Analyse. Passé le choc de la décapitation de l’otage Hervé Gourdel en Algérie, premier évènement du genre qui concerne un français depuis le début des atroces assassinats déclenchés par les djihadistes syriens et irakiens de l’Etat islamique (ou Daesch), il est impératif pour la France de se projeter dans l’avenir pour mieux anticiper les nouvelles crises auxquelles elle va devoir rapidement faire face.

Même si la prise de conscience collective ne peut intervenir qu’aujourd’hui avec ce type d’acte horrible, la France est une cible privilégiée par les terroristes depuis plusieurs années. Treize ans après le 11 septembre 2001, la France est pointé du doigt par les groupes islamistes pour son engagement militaire en Afghanistan, au Sahel, en Centrafrique et aujourd’hui en Irak. AQMI, le MUJAO, Boko Haram, les Shebab, l’Etat islamique. Tous ont appelé à viser les citoyens et les intérêts français par quelconques moyens que ce soit.

Mais quelles menaces pèsent réellement sur la France ?

D’une part, la menace peut être intérieure, c’est-à-dire que la France peut être frappée directement sur son sol. Un djihadiste revenant de Syrie – 189 français sur 1000 partis combattre en Syrie dans les rangs de l’Etat islamique sont revenus sur le sol français selon les explications du premier ministre Manuel Valls aujourd’hui devant le Parlement –  peut passer à l’action en peu de temps. Ces 189 personnes à surveiller consomment d’importantes ressources humaines et techniques des services de renseignement (DGSI et DGSE) engagés dans une guerre de l’ombre qui ne connaît pas de répit. Un groupe de personnes bien entraînées au djihad peut même se coordonner pour tenter de conduire une prise d’otages ou une tuerie préparée dans un endroit de choix. Ces attaques – comme on les a vu au Westgate au Kenya ou à Bombay en Inde – demandent une préparation minutieuse, des moyens importants en armes et en explosifs et souvent des complicités. Ces modes opératoires connus sont particulièrement surveillés.
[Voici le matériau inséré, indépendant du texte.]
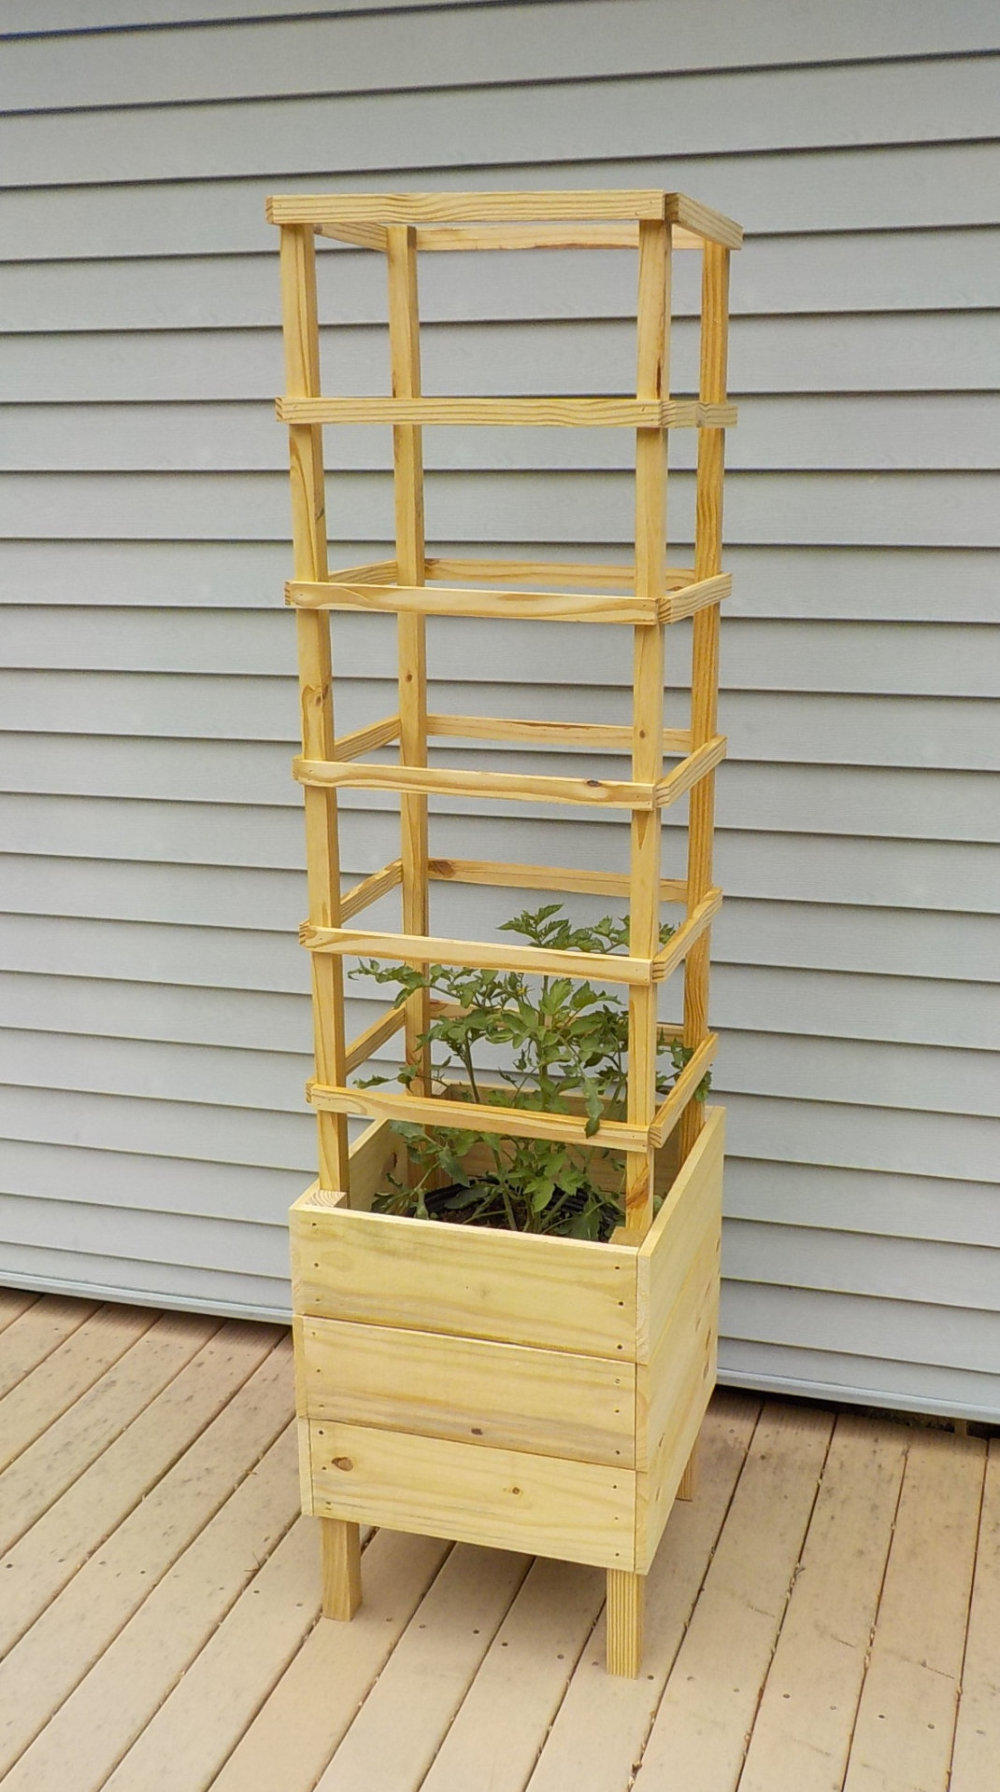 konsulent lejer disharmoni How to Build a Tomato Planter for Your Deck DIY Wood Plans

L’autre menace intérieure peut venir d’un loup solitaire, un « lone wolf », qui se radicalise sur internet et qui décide avec ses propres moyens de mener une action isolée à fort impact médiatique. Mohammed Merah et Mehdi Nemmouche inspirent aujourd’hui beaucoup de jeunes sur les réseaux sociaux. Le premier ministre, Manuel Valls, a rappelé aujourd’hui que plusieurs actions terroristes ont été déjouées sur le sol français.
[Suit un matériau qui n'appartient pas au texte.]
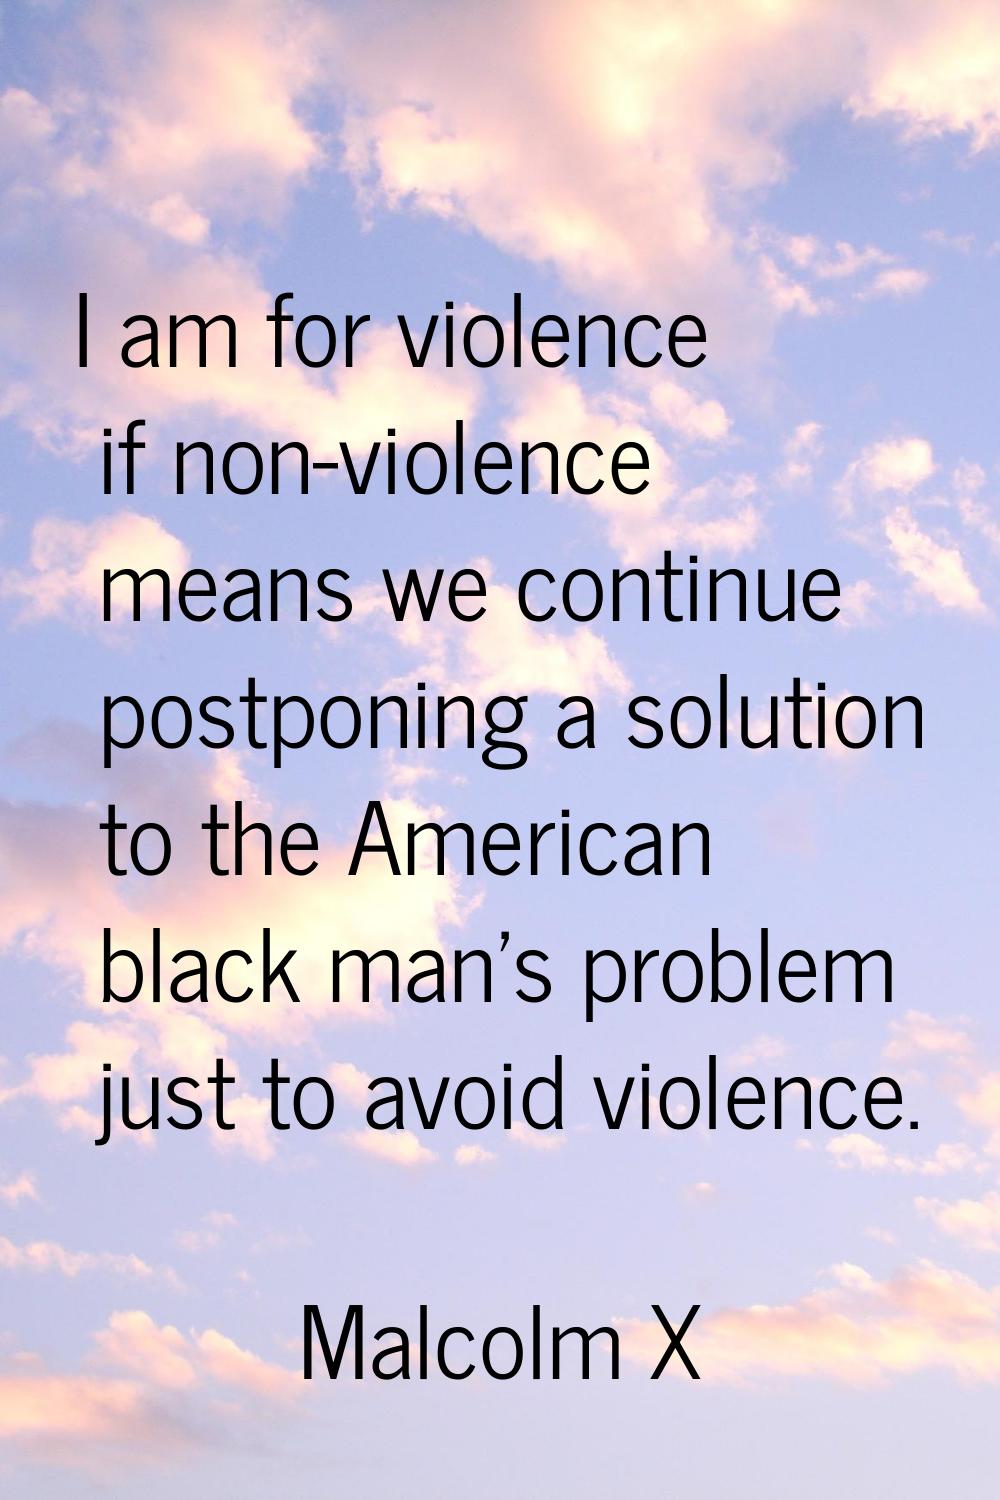 I am for violence if non-violence means we continue postponing a solution to the American black man

D’autre part, la France peut être visée à l’extérieur de son territoire. La DGSE a déjà évité plusieurs attaques contre des intérêts français à l’étranger au cours de ces dernières années. Une bombe peut être déclenchée devant un édifice français, tel qu’une ambassade ou un lycée français. Ces lieux de représentation française font l’objet d’une surveillance accrue notamment en Afrique. C’est sur ce continent où le risque d’enlèvements et de prise d’otages est le plus prégnant. Il ne fait nul doute que les terroristes tenteront une nouvelle attaque comme celle que l’on a connu à In Amenas en Algérie avec un désir de médiatisation toujours plus fort. C’est avec cette capacité à diffuser immédiatement des vidéos et des images de leurs actions que les terroristes essaient également de gagner la guerre de l’information. Enfin, les militaires français engagés en opérations extérieures constituent eux aussi des cibles de choix. Déployés aujourd’hui au Mali, au Niger, au Tchad, en Centrafrique, à Djibouti et désormais en Irak, les soldats français peuvent être ciblés par des attentats suicides. Cela a été le cas le 14 juillet dernier lors de l’explosion d’un véhicule piégé par un djihadiste tuant un légionnaire français au Mali, une attaque inédite depuis le début de l’opération Serval.

Demain, la France continuera à combattre le djihadisme qui s’étend en Syrie, en Libye, en Egypte. Même si l’opération française Chammal au-dessus du territoire irakien est aujourd’hui limitée à quelques frappes aériennes, la France peut payer de son engagement militaire en première ligne mis en exergue par un affichage politique nécessaire pour légitimer une action dont on ne peut mesurer encore toutes les conséquences. La tâche s’annonce longue et complexe.